We know that the diagonal matrix is such a matrix that has all elements equal to zero except the diagonal elements.
Now, our diagonal matrix is,
A = \[\left[ \begin{align}
  & \begin{matrix}
   x & 0 & 0 \\
\end{matrix} \\
 & \begin{matrix}
   0 & x & 0 \\
\end{matrix} \\
 & \begin{matrix}
   0 & 0 & x \\
\end{matrix} \\
\end{align} \right]\] ………………………(2)
We know that trace of a diagonal matrix is the summation of the diagonal elements of the matrix.
From equation (2), we have the matrix A.
The summation of the diagonal elements of the matrix A = \[x+x+x=3x\] ………………………(3)
From equation (1), we have the trace of matrix A.
Now, from equation (2) and equation (3), we have
\[\begin{align}
  & \Rightarrow 3x=12 \\
 & \Rightarrow x=\dfrac{12}{3} \\
\end{align}\]
\[\Rightarrow x=4\] …………………………..(4)
Putting the value of x from equation (4) in equation (2), we get
A = \[\left[ \begin{align}
  & \begin{matrix}
   4 & 0 & 0 \\
\end{matrix} \\
 & \begin{matrix}
   0 & 4 & 0 \\
\end{matrix} \\
 & \begin{matrix}
   0 & 0 & 4 \\
\end{matrix} \\
\end{align} \right]\] ……………………………..(5)
Now, we have to find the determinant value of matrix A.

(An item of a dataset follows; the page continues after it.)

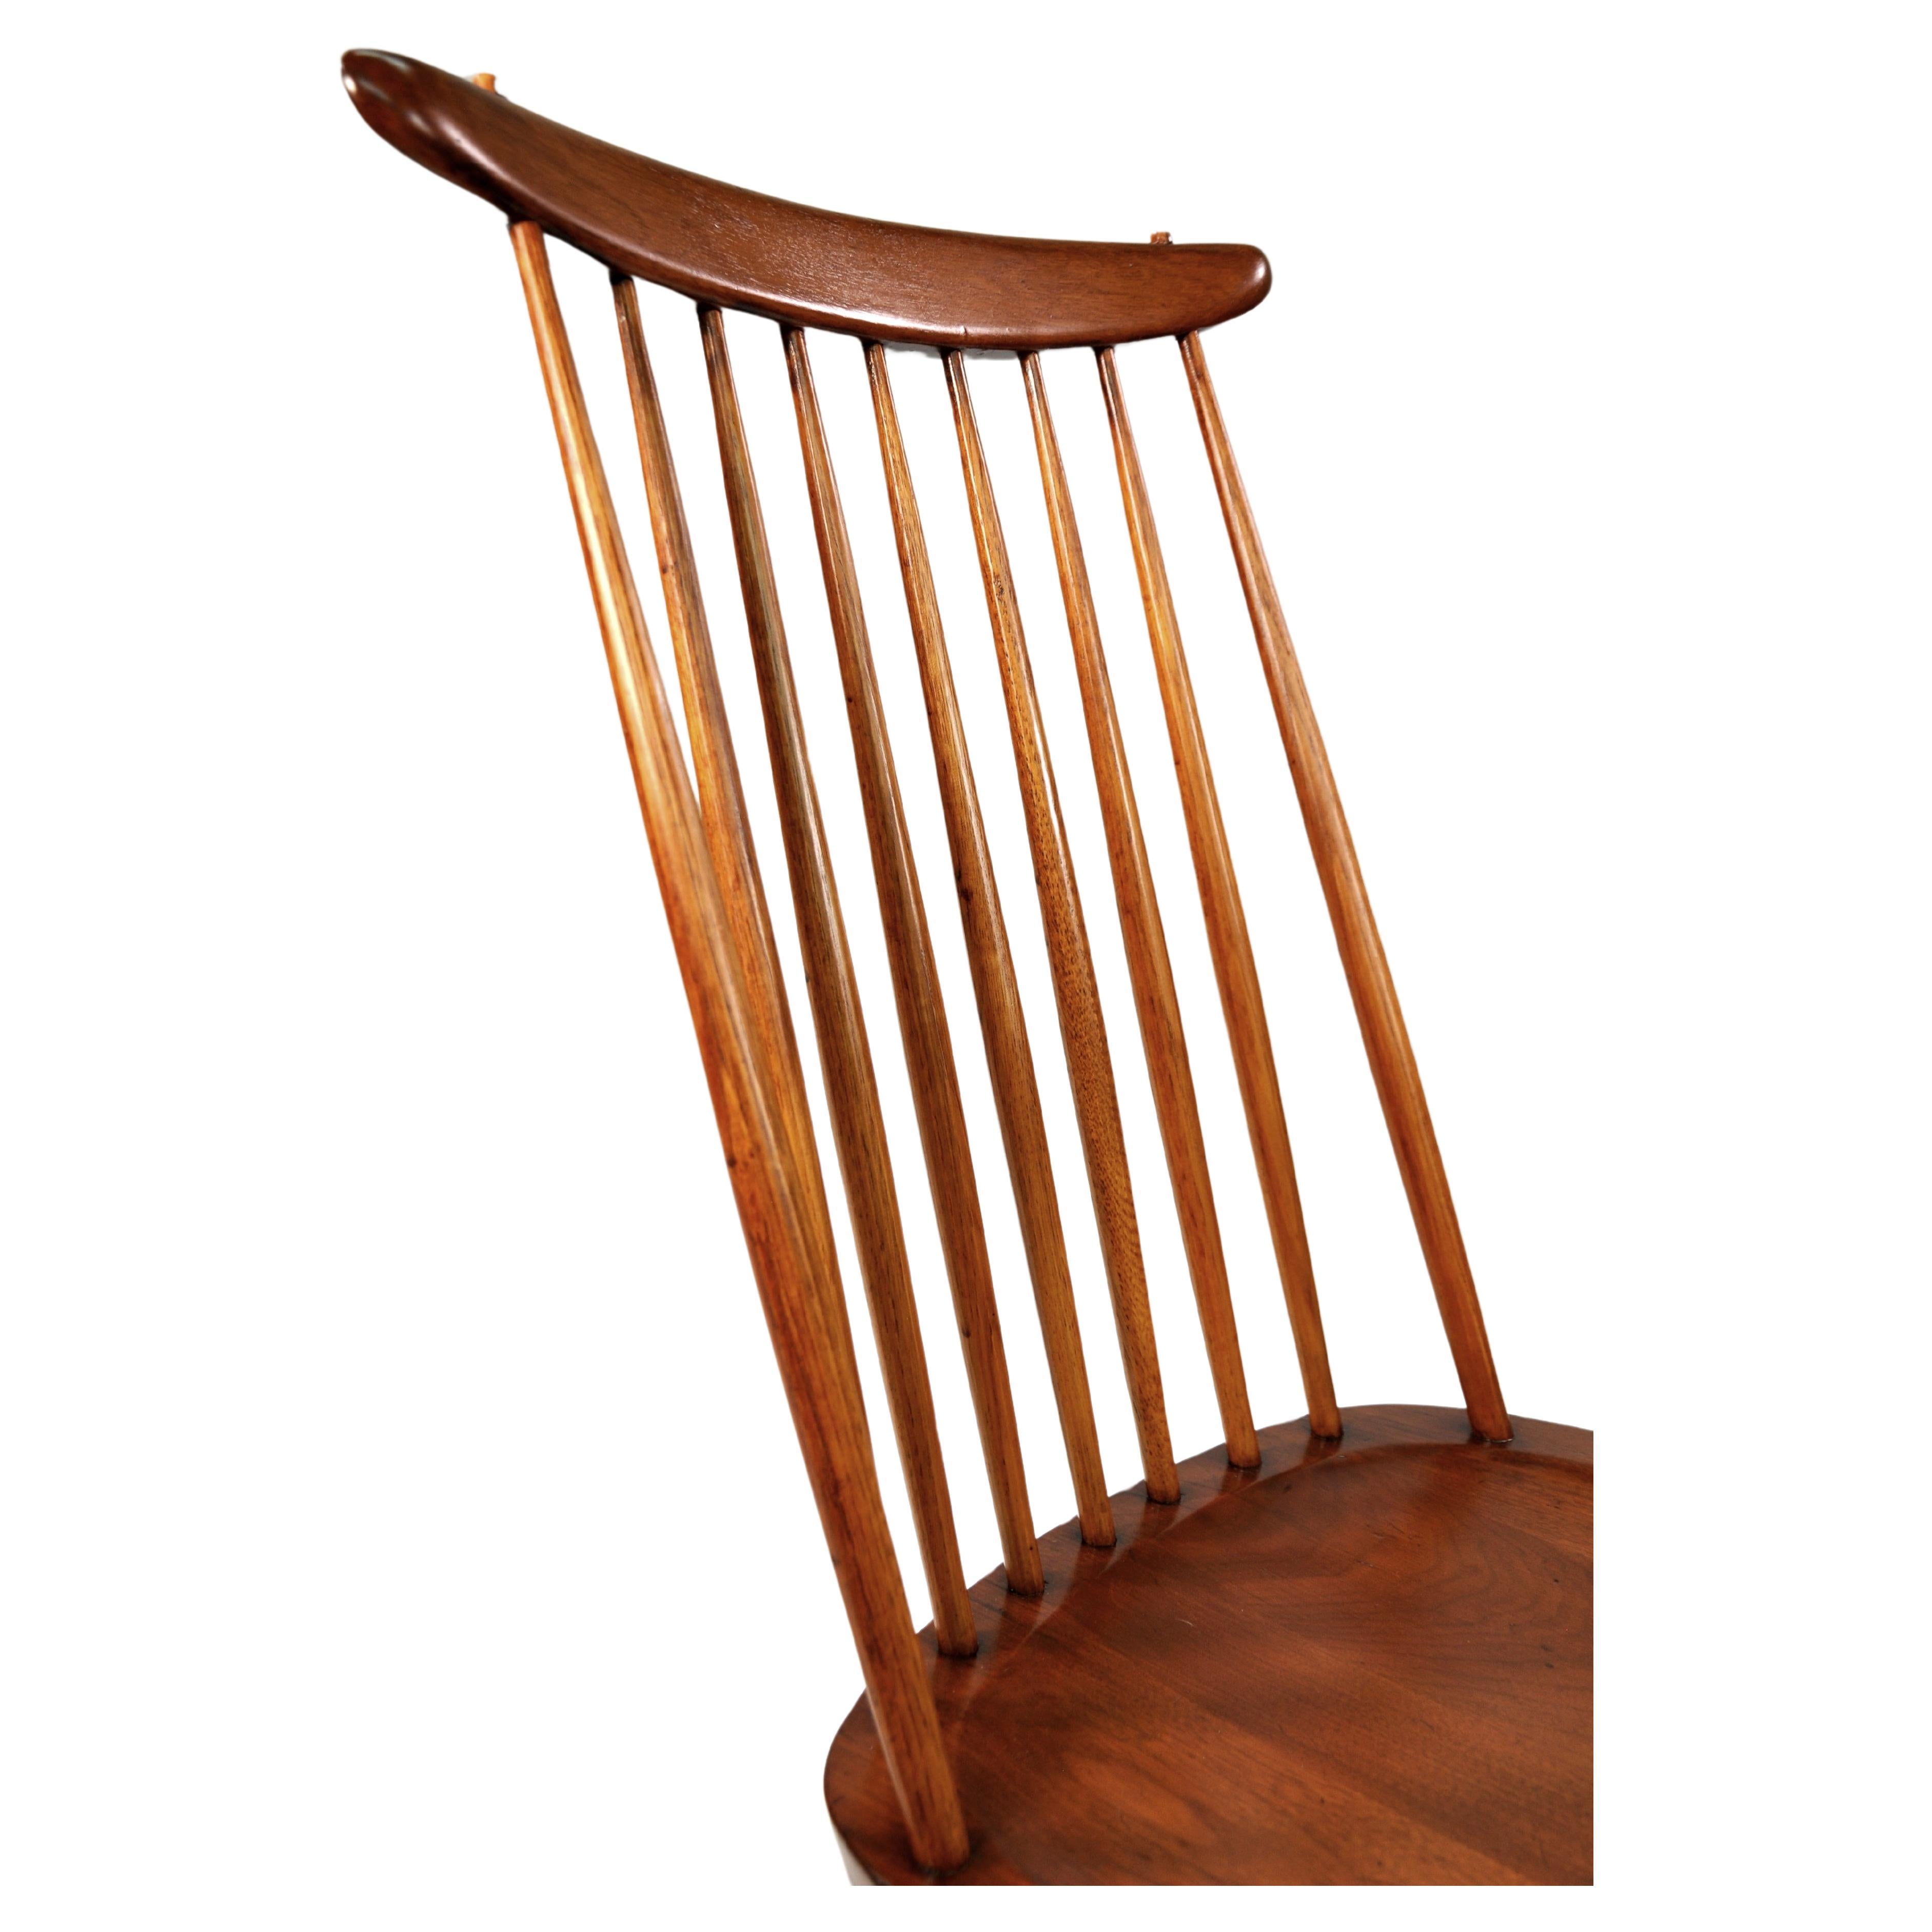 Rare and early model 271 or New Chair, the iconic Windsor spindle back chair reimagined by Japanese-American Master Woodworker, George Nakashima in 1956. East Indian Laurel wood in the original Sundra finish with hickory spindles and sculpted seat.

From equation (5), we have matrix A.
Expanding the matrix A along the first row, we get
\[\begin{align}
  & \Rightarrow A=\left[ 4\left\{ 4\left( 4 \right)-0\left( 0 \right) \right\}-0\left\{ 0\left( 4 \right)-0\left( 0 \right) \right\}+0\left\{ 0\left( 0 \right)-0\left( 4 \right) \right\} \right] \\
 & \Rightarrow A=4\times 4\left( 4 \right) \\
 & \Rightarrow A=64 \\
\end{align}\]
Therefore, the determinant value of matrix A is 64.
Hence, the value of \[\left| A \right|\] is 64.

Note: In this question, one might take tr(A) as the transpose of matrix A. This is wrong because tr(A) means the trace of matrix A and trace of a matrix is the summation of its diagonal elements. To avoid this kind of silly mistake, we have to keep in mind that tr(A) means the trace of matrix A.